Kenan Kırkaya
“23 Nisan Ulusal Egemenlik ve Çocuk Bayramı” kutlanıyor. Meclis’te nutuklar çekilecek, “milli irade, egemenliğin kayıtsız şartsız millette olduğu” sözleri havada uçuşacak. Türkiye’nin çocuklara bayram armağan eden “biricik ve yegane ülke” olduğu ezberi gözümüze sokulacak. İktidar “vesayet odaklarına, darbecilere karşı kazanılan demokratik kazanımların” propagandasını yapacak. Peki hangi koşullarda yapılıyor bu propaganda, nedir milli irade dedikleri, hangi ulusal egemenlik, hangi bayram, hangi çocuk hakları?
“Dünya’da çocuklarına bayram armağan eden tek ve biricik” ülkenin çocuk manzarası içler acısı. DİSK verilerine göre yaklaşık 2 milyon, TÜİK verilerine göre 720 bin çocuk güvencesiz, ağır ve sağlıksız koşullarda çalışmak zorunda. Mendil satan, dillenen, hayatını hiçe sayarak otoyollarda araç camı temizleyen çocuk nüfusu her geçen gün artıyor. 22 milyonluk çocuk nüfusunun yüzde 25’i eğitim hakkından mahrum, diğerleri de eşitsiz koşullarda eğitim görmeye çalışıyor. Kürt ve diğer halkların çocuklarına anadilleri yasak. Çocuklar istismara ve saldırılara uğruyor ve onları koruyacak mekanizmalar yok.
“Milli iradenin” durumu daha da vahim. Egemenlik dedikleri bir avuç seçkinin, toplumun tümü üzerinde kurduğu, kurmaya çalıştığı mutlak iktidardan başka bir anlam ifade etmiyor. Geçmişin vesayet odakları yerine “yeni vesayet” odakları ikame edildi sadece. “Egemenlik kayıtsız şartsız milletindir” yazısının asıldığı Meclisi kısa süre önce polis basarak milletvekillerini gözaltına aldı. Meclis, 2 Mart 1994 darbesinden sonra, 4 Kasım 2016 darbesine maruz kaldı. Onlarca milletvekili tutuklu, fezleke tehdidi iktidar sopası gibi diğer muhalefet milletvekillerinin tepesinde sallanıyor. İktidar partileri tarafından muhalefet partilerinin kapatılması için fezlekeler hazırlanıyor.
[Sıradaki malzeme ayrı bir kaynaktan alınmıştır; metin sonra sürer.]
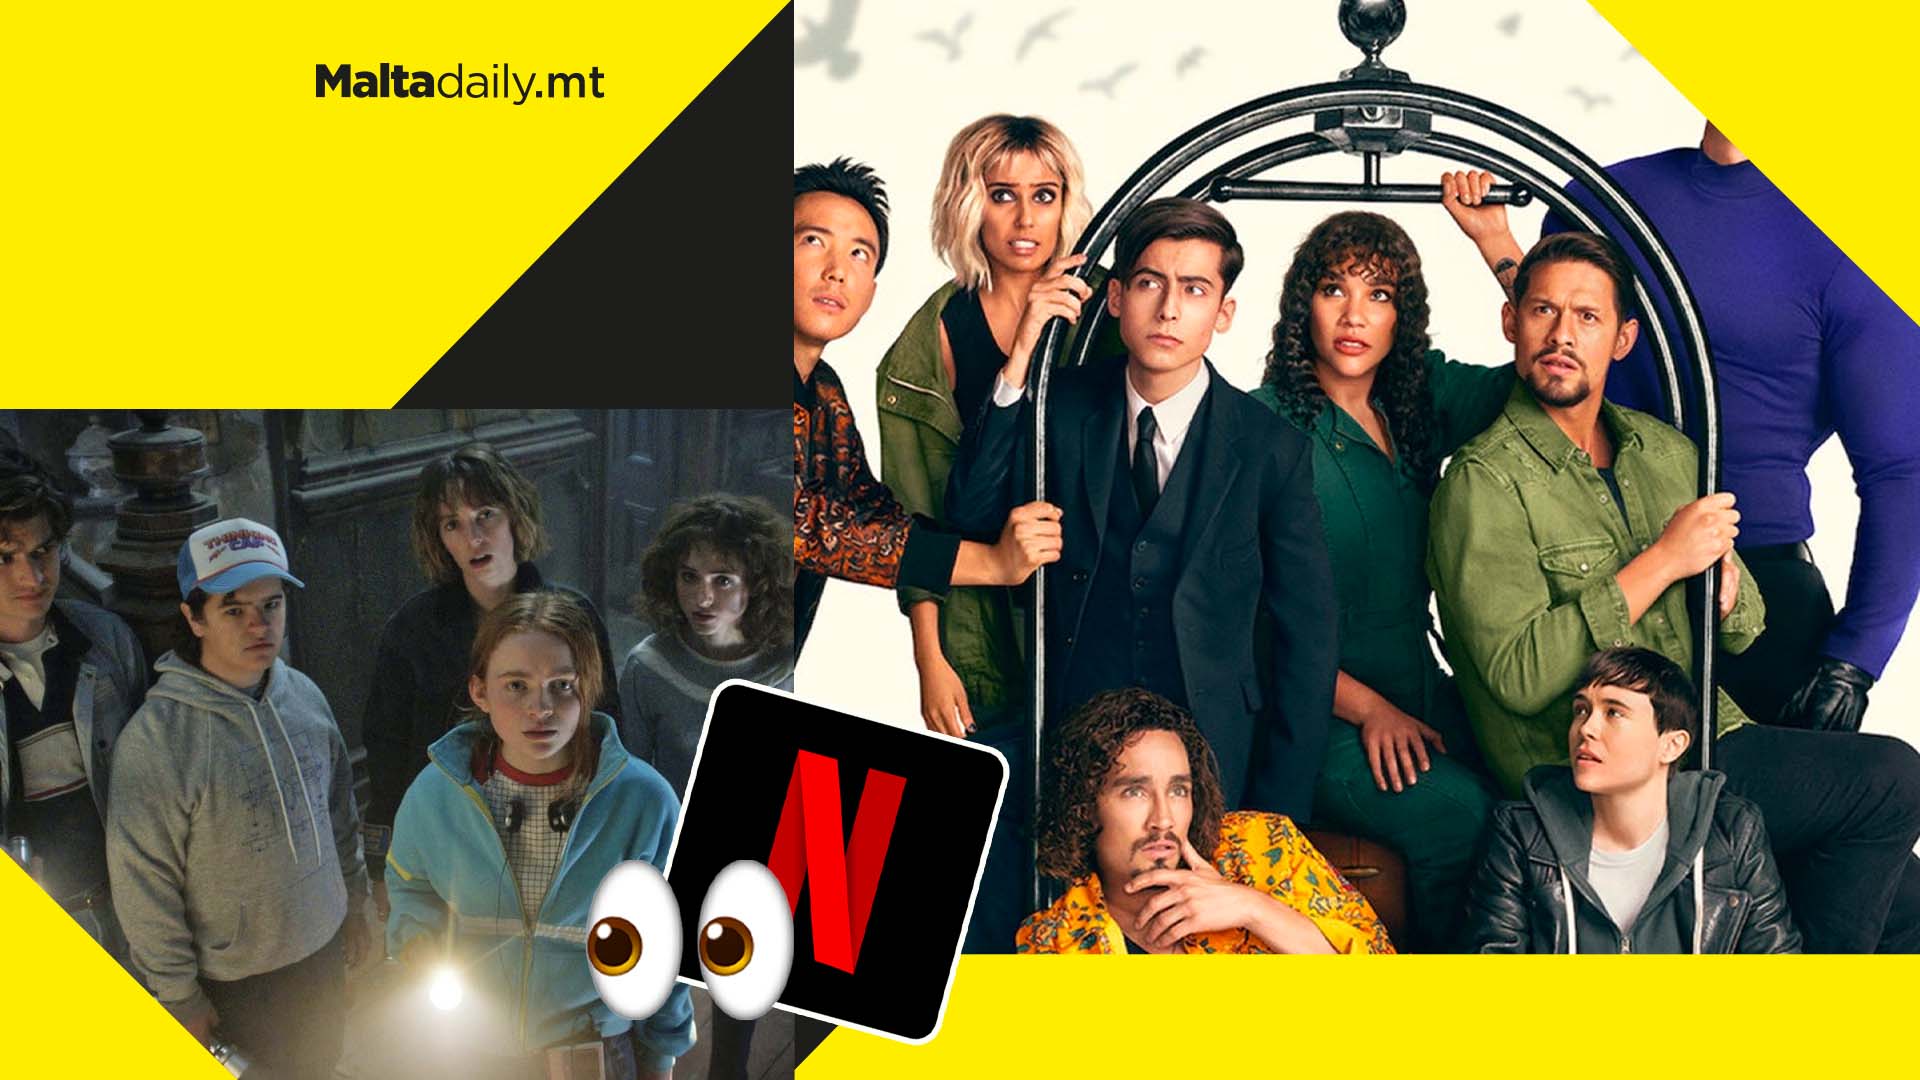 Stranger Things S4 loses top spot on Netflix to Umbrella Academy S3

Anayasa askıda, ülke KHK’ler ile yönetiliyor ve en az 3 milyon seçmenin iradesine kayyım atanmış durumda. İktidarın beğenmediği seçim sonuçları geçersiz sayılıyor.
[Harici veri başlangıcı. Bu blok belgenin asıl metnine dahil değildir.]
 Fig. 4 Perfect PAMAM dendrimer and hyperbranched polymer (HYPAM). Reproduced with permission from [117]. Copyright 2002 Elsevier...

“Darbe ve terör” ikilisi iktidarın can simidi, her kapıyı açan maymuncukları. İktidarın yanında yer almayan her fani bir gün bu kavramlardan nasibini alacak! HDP ilk günden beri iktidarın saldırılarına karşı göğüs gerdi, varlığını sürdürdü. Şimdi saldırı sırası diğer muhalefet partileri ve CHP de; ki bu partiler daha kırılgan, saldırılara karşı daha dayanıksız. Çoğu karşılaştıkları en küçük zorlukta iktidarın arkasında hizalanmaya amade. 21 Nisan 2019’da Kılıçdaroğlu yumruklu saldırıya uğradı, 21 Nisan 2021’de İçişleri Bakanı CHP’yi “Sizi 15 Temmuz’dan beter ederiz” diye tehdit etti. Bir sonraki 21 Nisan ve “Egemenlik” kavramının alacağı biçim için Allah büyük.
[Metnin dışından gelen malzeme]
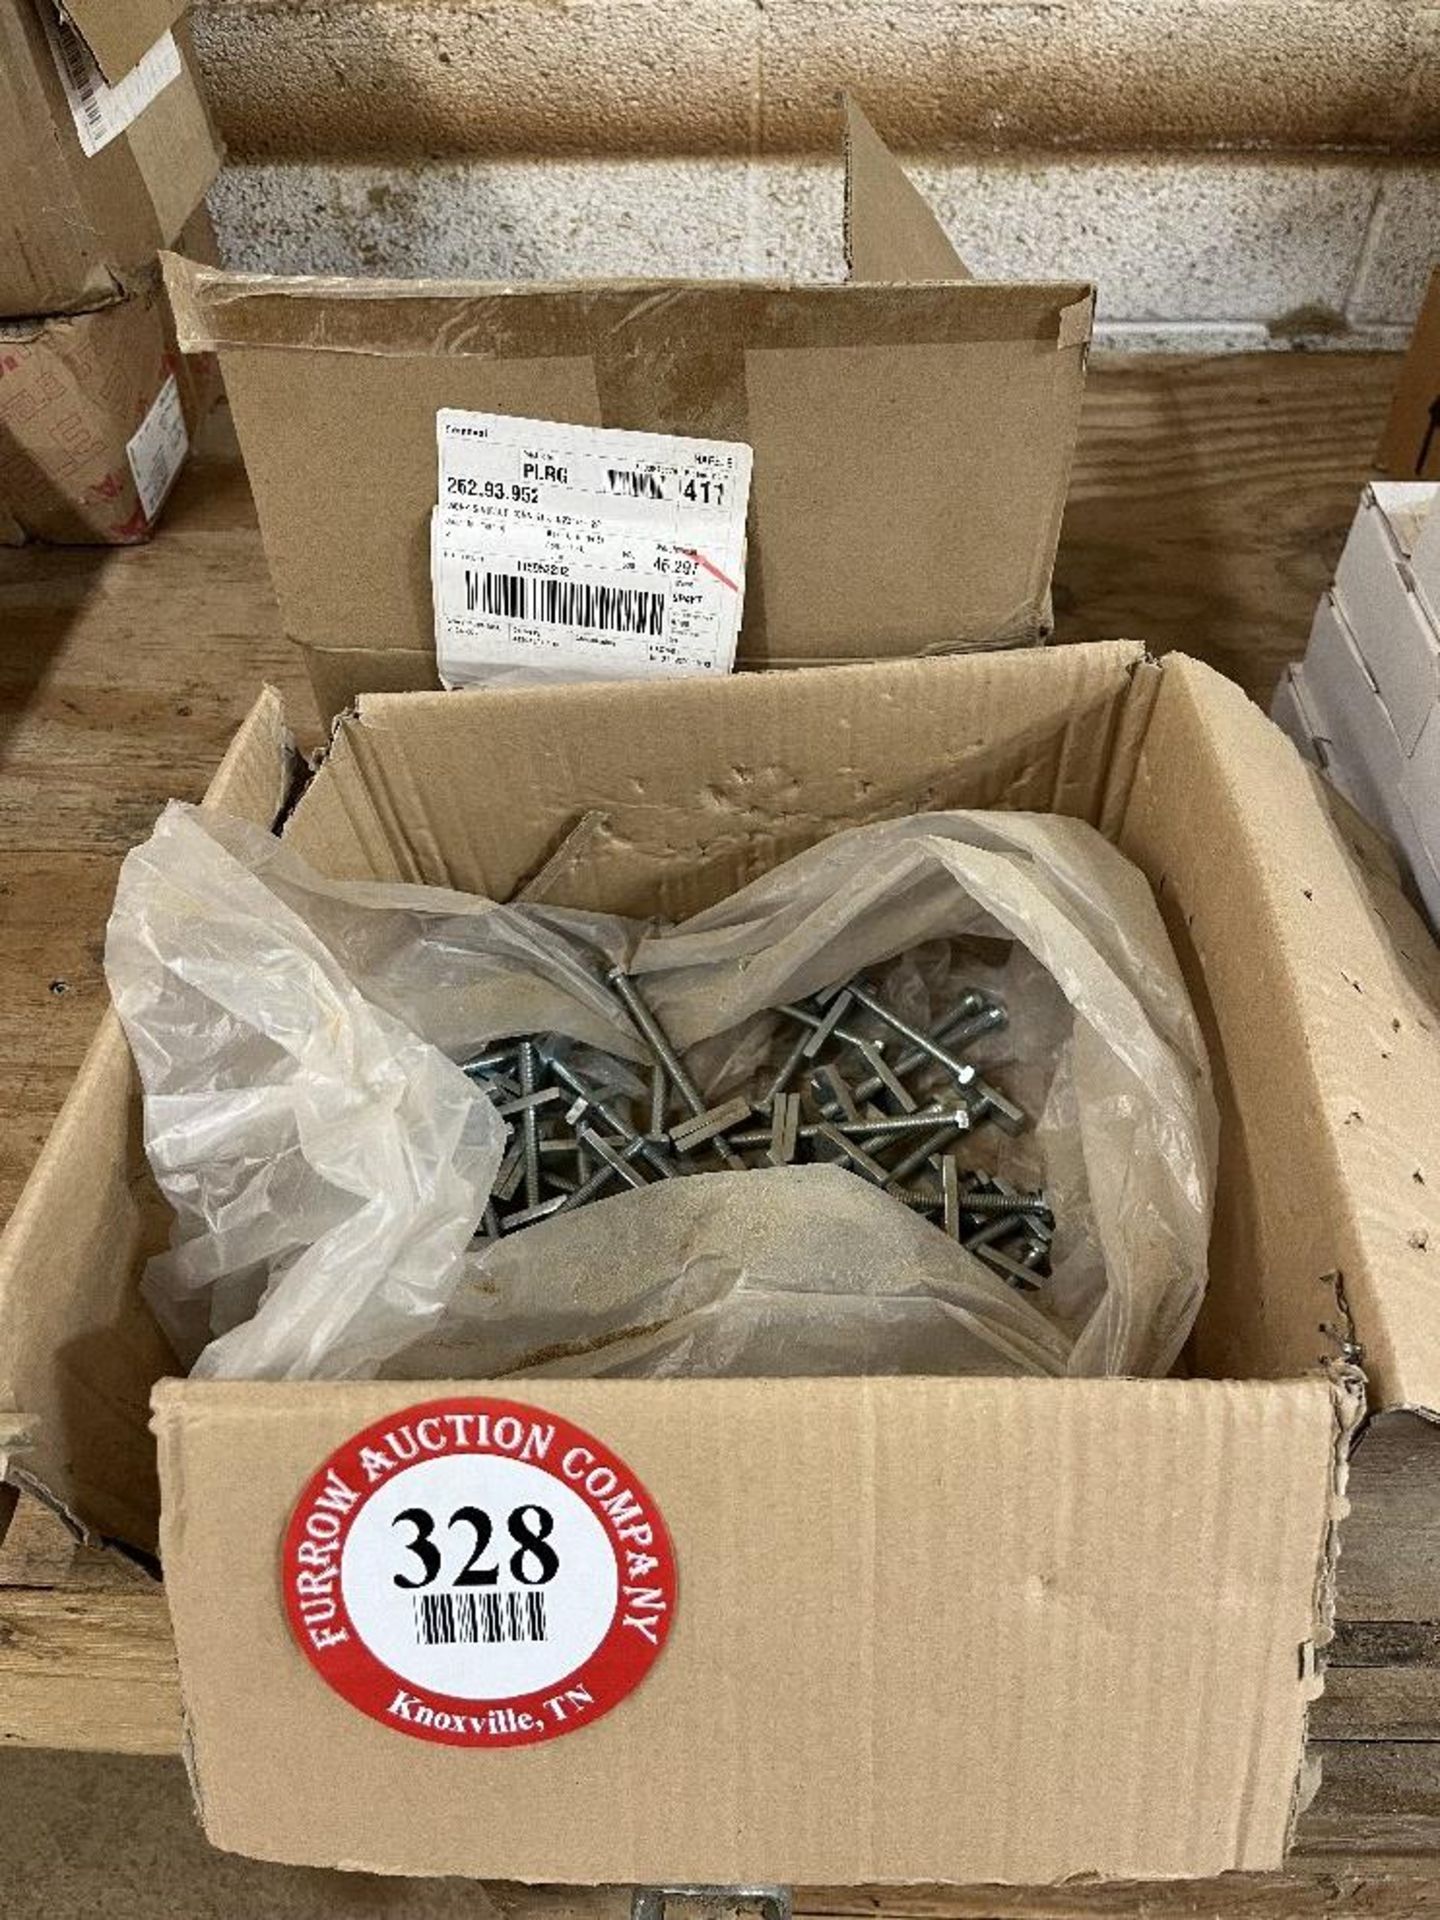 Contents of 2 Boxes of 3.5" Bolts, etc.

Bugünkü manzarada, demokrasiyi araçsallaştıran dünün muktedirlerinin payı ve günahı büyük. Günün sonunda saldırılara seyirci kalanlar ya da işine geldiğinde kerhen destekleyenler de bu saldırılardan nasibini almaktan kurtulamaz. Tek çıkış yolu, demokrasi ve özgürlükleri ilkesel olarak benimsemekten; kendi hakkını, hukukuna sahip çıkmak için başkasının hakkı ve hukukunu savunmaktan geçiyor.